Schematic comparison between a specific circuit (left) and a set of randomized variants with the same incoming and outgoing arrow distributions (right). Image modified from Milo et al, Science, 2002.
To make the comparison as fair as possible, we need to design variant graphs that maintain the key statistical properties of the original graph. Specifically, we insist that all variant graphs have the same number of nodes and arrows. But this is not really enough: It wouldn't make sense to compare this graph, whose arrows are distributed over all the nodes to a variant in which, say, all arrows stem from a single source node, or converge on a single target node. Therefore, we also need to impose a stronger constraint: maintaining the exact distribution of incoming and outgoing arrows for each node.
If you examine the graphs above, you can see that they were constructed to have the same numbered nodes. Furthermore, the number of arrows exiting and entering each numbered node is exactly the same in all graphs. For example, node 4 always has 2 outgoing arrows. Node 6 always has one incoming and two outgoing arrows, node 12 always has 2 incoming arrows, and so on.
To generate the randomized graphs, imagine cutting each arrow in half with a scissors to generate a dangling "+" end connected to an arrowhead and a dangling "-" end connected to a source node. Then one would tie each "+" end to a randomly chosen "-" end. Voila, a new randomized graph is guaranteed, through this procedure, to maintain the same joint distribution of incoming and outgoing arrows. For more details, see the algorithms in Shen-Orr et al, Nat. Genet. (2002) and in M. E. J. Newman et al, Phys. Rev. E (2001).
To implement this type of algorithm, as described in Milo et al, Science, 2002, it is useful to represent the directed graph as a binary non-symmetric square matrix, $\mathsf{M}$. An example of a matrix representation of a graph is shown below. Here, an arrow from node $i$ to node $j$ is represented by $M_{i,j}=1$. The absence of such an arrow would be represented by $M_{i,j}=0$. With this algorithm, one can generate a large ensemble of randomized graphs. Then, one can ask which sub-graphs are significantly more (or less) prevalent in the actual graph than in the randomized variant graphs.

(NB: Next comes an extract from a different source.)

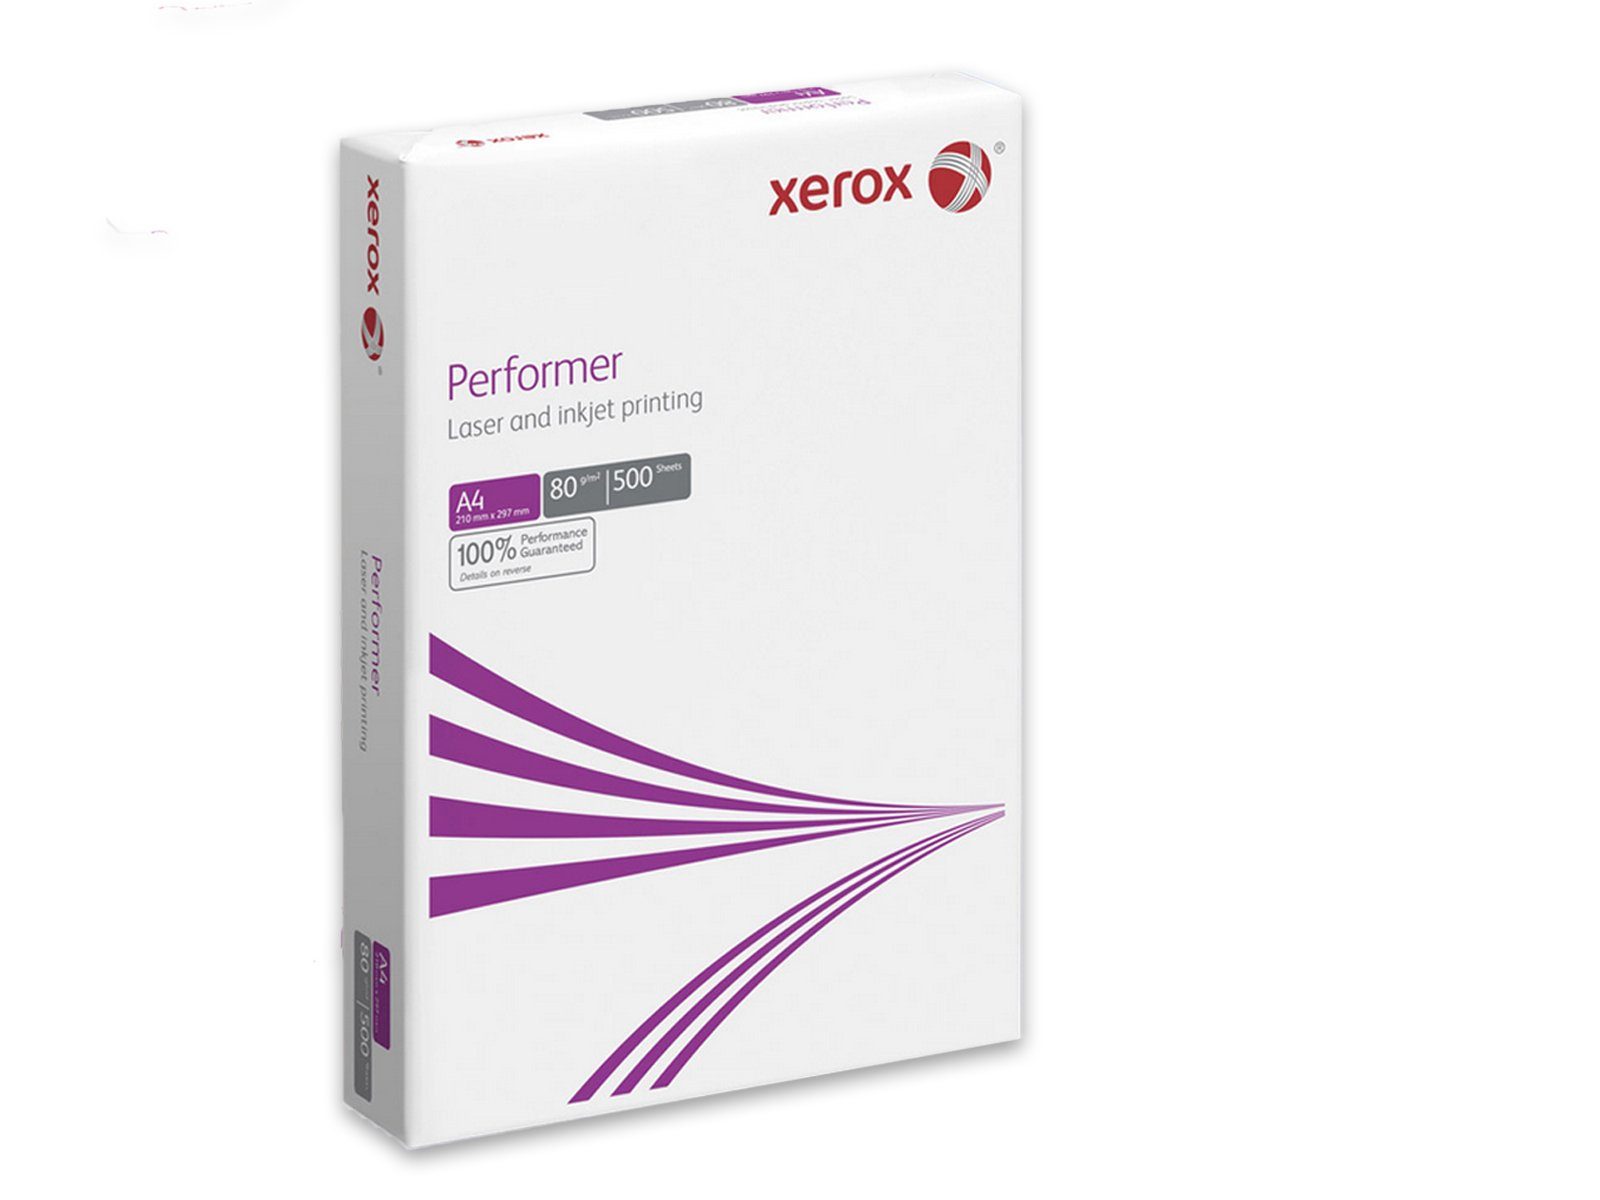 Xerox Druckerpapier Xerox Performer Kopier-Papier, 80 g/m², verschiedene Mengen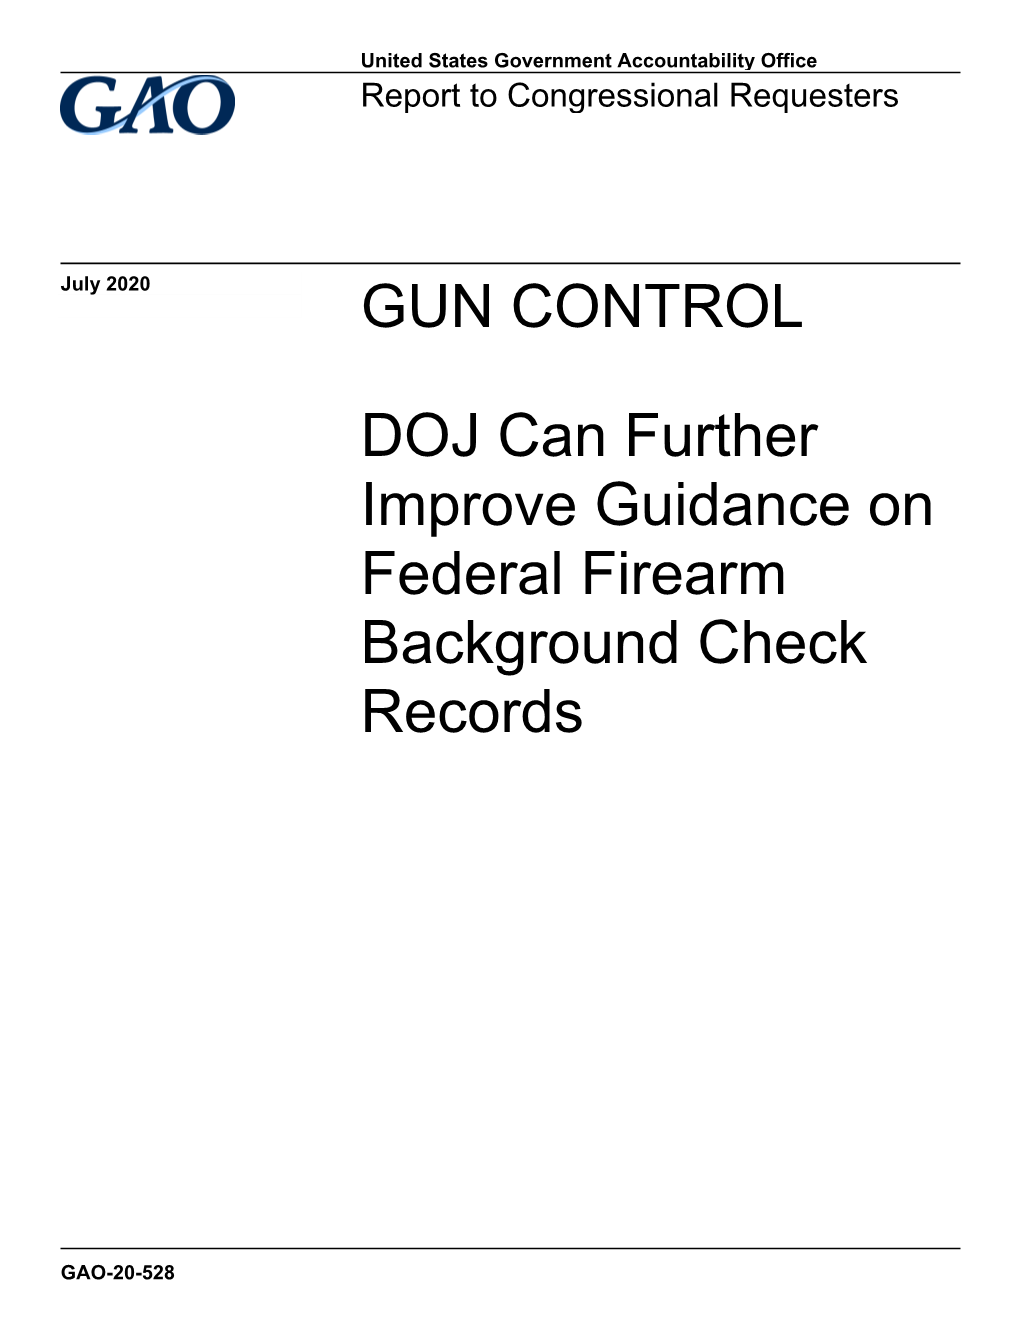 GAO-20-528, GUN CONTROL: DOJ Can Further Improve Guidance On

Different views of the same graph, using dots and arrows (left) or as a binary matrix, shown either with 0s and 1s or in black and white (right).
Questions:
Note: Supplementary information from Milo et al, Science, 2002 here.
Let's focus on 3-node sub-graphs. These are big enough to be quite interesting, but small enough to be easily conceptualized. There are 13 possible 3-node graphs that exclude direct autoregulation, which are shown here in a drawing from the Alon book:
Several features are striking in this plot:
The motif principle is quite general. Before it was applied to network motifs, it was used to identify functional motifs in genome sequences. For example, Bussemaker et al, PNAS, 2000 presented an algorithm called MobyDick that identifies "words" (letter sequence motifs), in any "text" (sequence of letters). They test it out on the text of the classic novel Moby Dick, with spaces and punctuation removed, recovering English words. Then, they use it on the yeast genome sequence to identify cis-regulatory sites, including transcription factor binding sites.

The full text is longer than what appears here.